Hi guys,
here is Luigi. I am developing a package which heavily relies on
AnnotationDbi, annotate, and metadatata packages from bioconductor.
I noticed I weird behavior of the get() function for the
mgug4122a.db() package moving from 2.9.1 to later versions (2.10.0 and
2.11.0 the one I am running).
Basically, an ID pointing to an 'NA' is not properly handled in the
newer versions, see below.
The same ID in one case returns 'NA', in the other case returns an
error.
If also checked if this happened with other package (hgu133a.db) and
the behavior is different, for both an ID that was there and now is
missing, and an ID that was not there, and now is not there as well....
I give you the details below.
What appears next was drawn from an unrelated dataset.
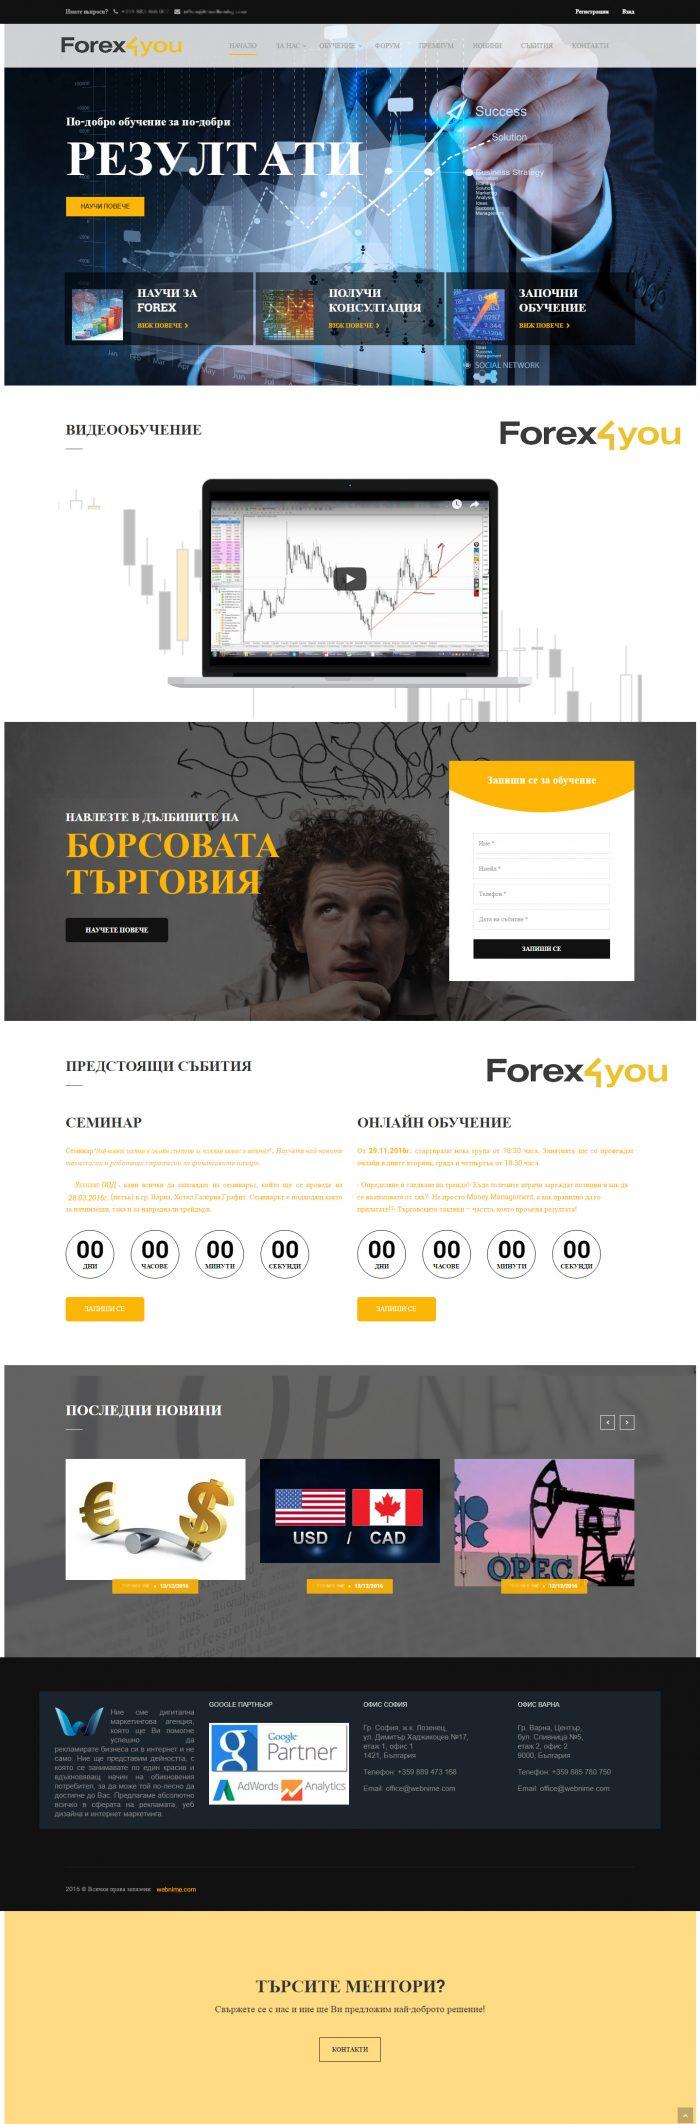 Онлайн платформа за Forex обучение, https://webnime.com

Do you have any idea of what is going on?
Luigi
########################################################
###FOR R-2.9.1:
########################################################
> sessionInfo()
R version 2.9.1 (2009-06-26)
i386-apple-darwin9.7.0
locale:
en_US.UTF-8/en_US.UTF-8/C/C/en_US.UTF-8/en_US.UTF-8
attached base packages:
[1] stats graphics grDevices utils datasets
[6] methods base
other attached packages:
[1] hgu133a.db_2.2.12 mgug4122a.db_2.2.11
[3] RSQLite_0.7-3 DBI_0.2-4
[5] AnnotationDbi_1.6.1 Biobase_2.4.1
> get("A_52_P71146", mgug4122aSYMBOL)
[1] NA
> get("201265_at", hgu133aSYMBOL)
[1] NA
> get("200080_s_at", hgu133aSYMBOL)
[1] "H3F3A"
########################################################
###FOR R-2.10.0:
########################################################
> sessionInfo()
R version 2.10.0 (2009-10-26)
i386-apple-darwin9.8.0
locale:
[1] en_US.UTF-8/en_US.UTF-8/C/C/en_US.UTF-8/en_US.UTF-8
attached base packages:
[1] stats graphics grDevices utils datasets
[6] methods base
other attached packages:
[1] hgu133a.db_2.3.5 org.Hs.eg.db_2.3.6
[3] mgug4122a.db_2.3.5 org.Mm.eg.db_2.3.6
[5] RSQLite_0.7-3 DBI_0.2-4
[7] AnnotationDbi_1.8.0 Biobase_2.6.0
> get("A_52_P71146", mgug4122aSYMBOL)
Error in .checkKeys(value, Lkeys(x), x at ifnotfound) :
value for "A_52_P71146" not found
> get("201265_at", hgu133aSYMBOL)
[1] NA
> get("200080_s_at", hgu133aSYMBOL)
[1] NA
--
Ulisse: "Considerate la vostra semenza:
fatti non foste a viver come bruti,
ma per seguir virtute e canoscenza".
(Dante, Divina Commedia, Canto XXVI)
--
G-C
T---A Luigi Marchionni, M.D., Ph.D.
C----G The Sidney Kimmel Comprehensive Cancer Center
G-------C Johns Hopkins University - School of Medicine
A------T 1550 Orleans St., CRB2, Rm 554
C----G Baltimore, MD, 21231, USA
G--C Tel: (001) 410-502-8179
C-G Fax: (001) 410-502-5742
T---A e-mail: marchion at jhmi.edu
G-----C URL: http://astor.som.jhmi.edu/~marchion/
A-------T
[Bioc-devel] Different behavior of get() between 2.9.0 and later versions`
7 messages · Luigi Marchionni, Robert Castelo, Seth Falcon +1 more
Hi Luigi,
On 11/3/09 8:37 PM, Luigi Marchionni wrote:
here is Luigi. I am developing a package which heavily relies on AnnotationDbi, annotate, and metadatata packages from bioconductor. I noticed I weird behavior of the get() function for the mgug4122a.db() package moving from 2.9.1 to later versions (2.10.0 and 2.11.0 the one I am running). Basically, an ID pointing to an 'NA' is not properly handled in the newer versions, see below. The same ID in one case returns 'NA', in the other case returns an error. If also checked if this happened with other package (hgu133a.db) and the behavior is different, for both an ID that was there and now is missing, and an ID that was not there, and now is not there as well.... I give you the details below. Do you have any idea of what is going on?
Partial details...
When you call get() or otherwise retrieve a value from an annotation
package object using a key, like a probe ID, there are three situations:
1. The probe ID is valid and maps to a value in the given object.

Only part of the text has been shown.